Musk finds Twitter threatened with an advertiser boycott. As I previously alluded to, the boycotters of free speech on Twitter could well find themselves boycotted by free-speech supporters. Two can play the boycott game. Musk seems to realize that now. He warned of a “thermonuclear name & shame” reprisal against boycotting advertisers.

Musk has expressed willingness to fight the “activist groups pressuring advertisers” and their compliant advertisers who are “trying to destroy free speech in America.”

But has Musk provided a free speech forum for all Twitter users? Yours truly, a small-fry free-speech, anti-racism, anti-war, anti-disinformation sporadic user of Twitter have been banished without notice or reason for several months now. I assume it is for my progressivist principles that are not shared by Democrats working in the Twitter space (e.g., support for Palestinian rights, support for Indigenous rights, support for all human rights, etc).

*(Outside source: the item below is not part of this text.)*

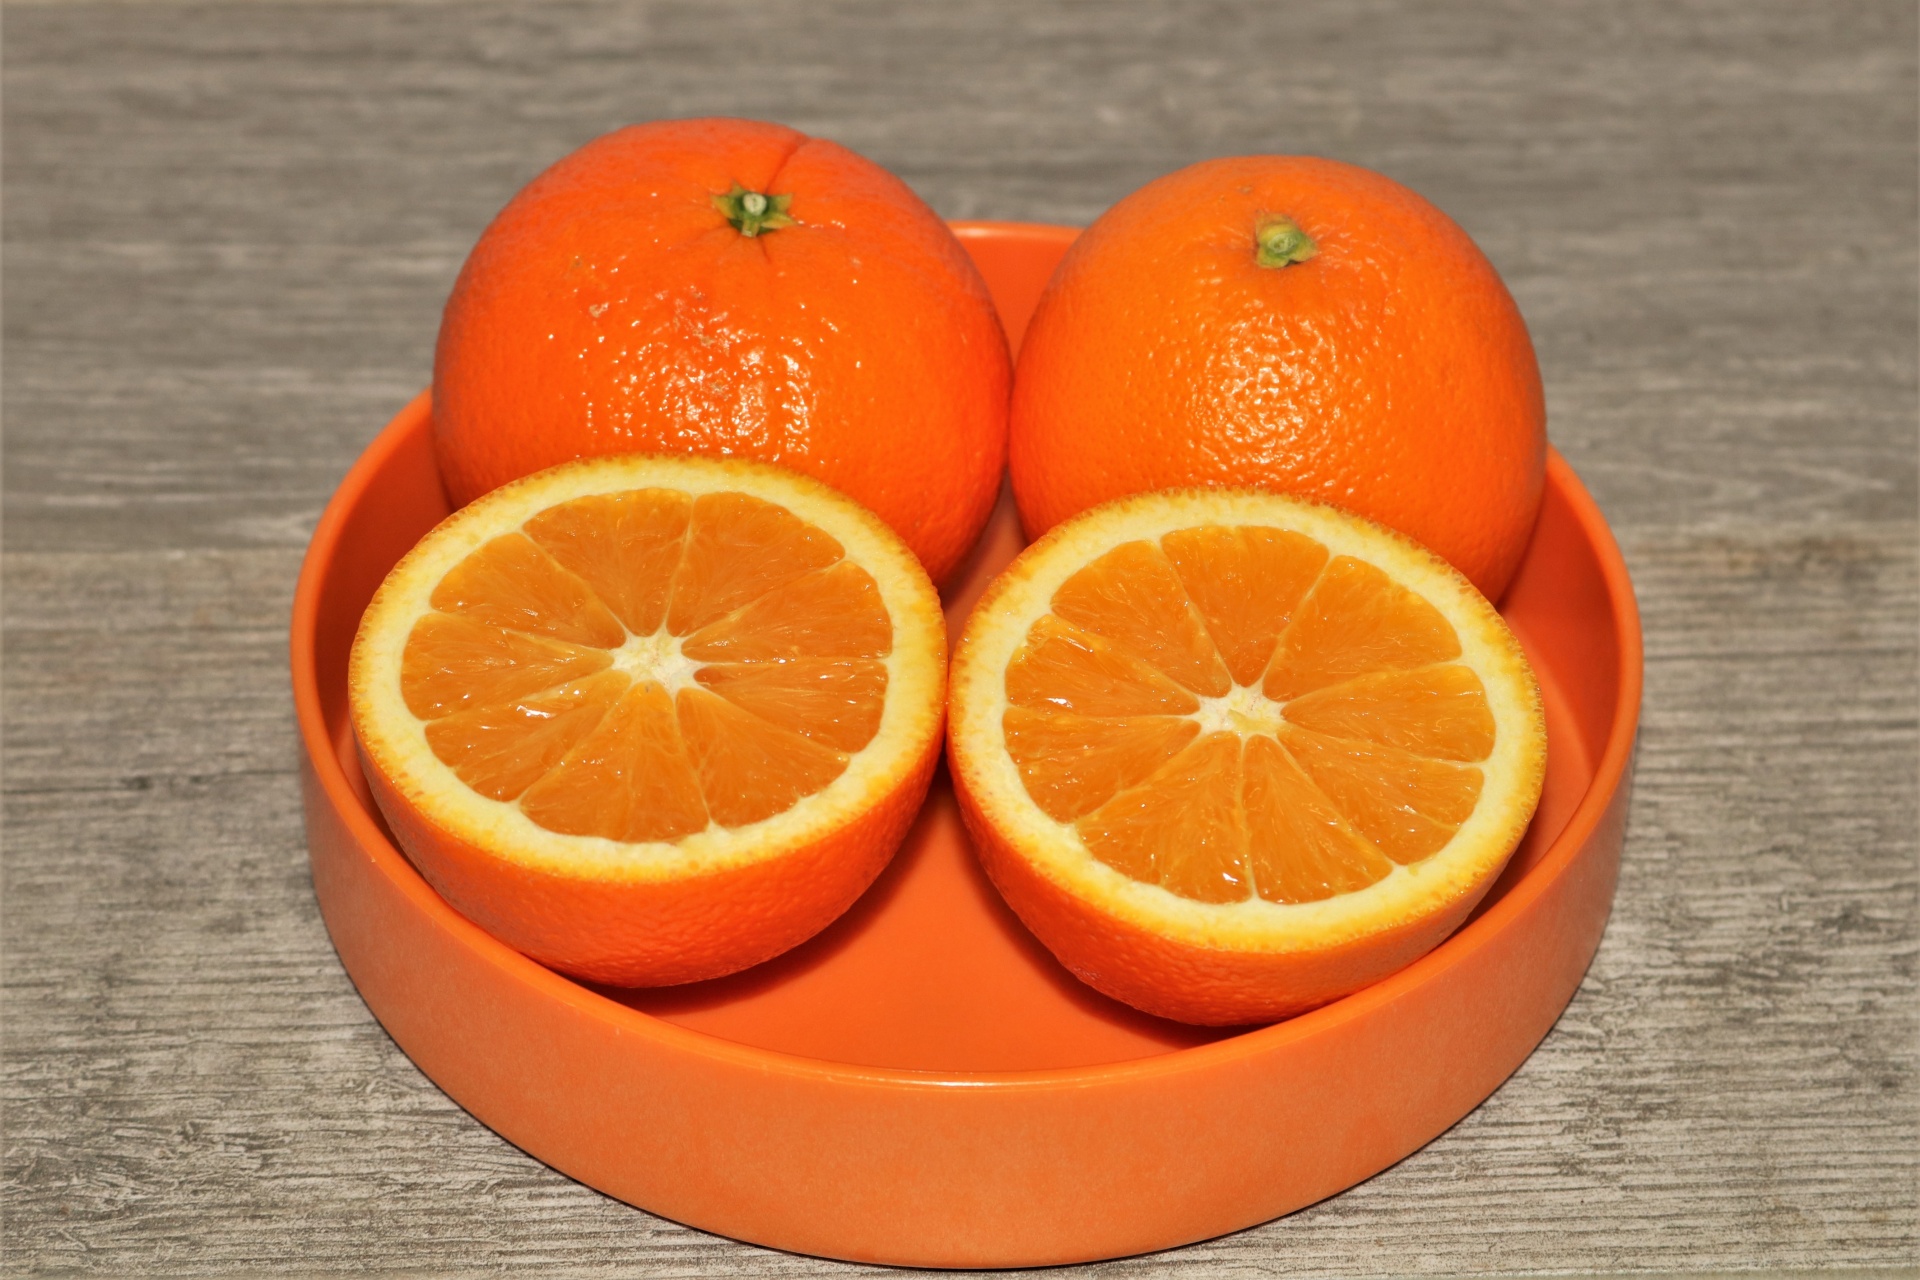 Oranges In Orange Bowl

But changes are afoot at Twitter. Musk has cut the Twitter workforce in half. This is unfortunate for the ordinary workers just trying to earn an honest living; but, as far as cleaning out the anti-free-speech riff raff at Twitter, it might signal an opening for free-speech advocates.

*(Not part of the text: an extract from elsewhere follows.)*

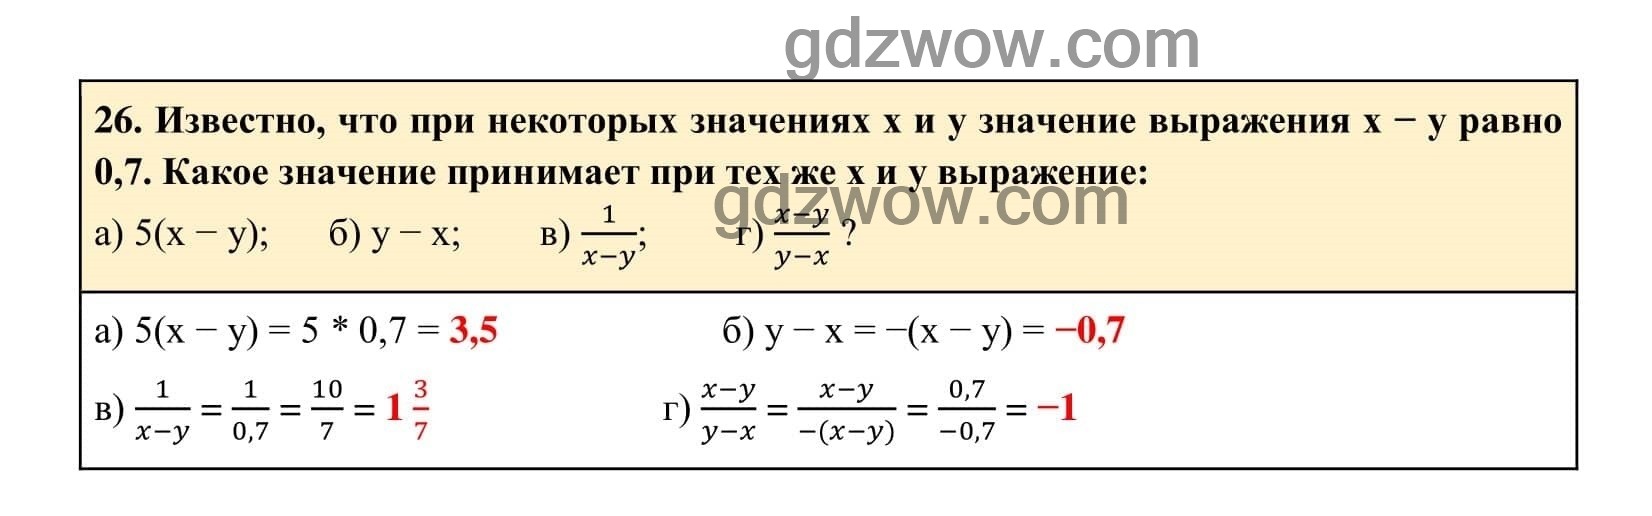 Упражнение 26 - ГДЗ по Алгебре 7 класс Учебник Макарычев (решебник) - GDZwow

Alas, Musk seems to think free speech shouldn’t be “free.” Twitter Blue will only be available to those who can afford the monthly $8 fee.

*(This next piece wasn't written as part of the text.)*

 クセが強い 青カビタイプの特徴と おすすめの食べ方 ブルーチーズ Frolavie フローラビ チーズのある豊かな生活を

Donald Trump (a personality equally reprehensible to Joe Biden) has, as far as I know, not been invited for reinstatement to Twitter. I dislike most of Trump’s ideological views, but I support his right to express them honestly.

Then there is the case of Scott Ritter, an American patriot who comes across as a fierce critic of US imperialism. For his anti-imperialist views, he found himself banned from Twitter. After the takeover of Twitter by Musk, Ritter set up a new Twitter account and sent out a tweet, stating that Ukraine was behind the massacre at Bucha, as a challenge to Musk. Ritter, a former marine intelligence officer, found himself promptly banned from Twitter again.

Ritter quoted The Who: “Won’t get fooled again. Meet the new boss, same as the old boss.”

It is the early days of Twitter under Musk. Nonetheless, if Musk truly is a free speech devotee, truly is a man of principle, then he will use his Twitter ownership for the promotion of respectful free speech.

I submit that Musk might best demonstrate this by setting in motion a twitter storm pushing for the release of Julian Assange, a heroic free-speech advocate and a principled supporter of the public’s right to know.

Assange has suffered at the hands of corrupt American power abetted by its minions for which he should never have been targeted or persecuted. Conversely, he should be celebrated for his actions which include exposing US war crimes in Iraq. If there is any justice in empire, then Assange must be released, exonerated of all wrongdoing, fairly recompensed, and regarded with all due respect for his sacrifice to humanity — as should all those brave souls who spoke out about the crimes of empire and find themselves languishing under unjust circumstances.